We were outside of a bakery. Fisher lives for anything that contains a massive amount of butter. Usually he gets the croissant flakes that fall off the pastry.
The year Fisher went as Phoebe Bridgers for Halloween. She hasn’t put out a solo record since. Get your ass back into that studio, lady.
This is the classic photo of Fisher. We were at a Koreak K9 summer party and he just photo-bombed this other dog’s portrait. Why did he do that?

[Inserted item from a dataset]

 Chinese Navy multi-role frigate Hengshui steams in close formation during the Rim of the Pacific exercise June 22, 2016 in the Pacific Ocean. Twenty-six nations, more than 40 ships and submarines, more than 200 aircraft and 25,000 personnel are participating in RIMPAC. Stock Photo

Why does my dog have comedic timing?
Fisher believes that the American government’s attempt to eradicate transgender people from our society (which is actually just an attempt to make them incredibly unsafe and vulnerable to even more bigotry and hate crimes than they experience now), is a moral atrocity and that creating a domestic enemy is a classic part of the fascism handbook. That opinion runs in our family.
This photo is really funny because I am reading a copy of Susan Sontag’s “On Photography.” I have read that book cover to cover probably 15 times. Not sure why, when I was clearly posing, I didn’t think to open the book past the first page. I’m pulling a LeBron. I posted this photo on Instagram (obviously, look at my hair) with the caption: “Dog is my copilot.” My friend Kelsey said: “LET HIM DRIVE.”
Another apartment for Fisher. And for me. I pay the rent here. You don’t want to know what the lint trap looks like when I wash those couch blankets every 10 days.
This was a group chat avatar for many months. We usually switch out the Fisher photos every season.
Nothing like the feeling of wet leaves to drag into my home. People always ask me how I keep Fisher so white. The answer is that his fur has a Teflon-like coating that means that most dirt just brushes off him when it dries. He always looks clean but he is secretly disgusting. I’m not supposed to bathe him very often because of that fur coating, but when I do, I scrub the hell out of him with a whitening shampoo. Then I follow it up with the Furminator conditioner.
Life with dog. Thanks for reading. I hope Fisher’s oblivious joy brings some relief from the horrors. He certainly does it for me.
The picture of Fisher with the Lamb Chops killed me. Such an awesome post. Did my heart some good after losing a pet a month ago.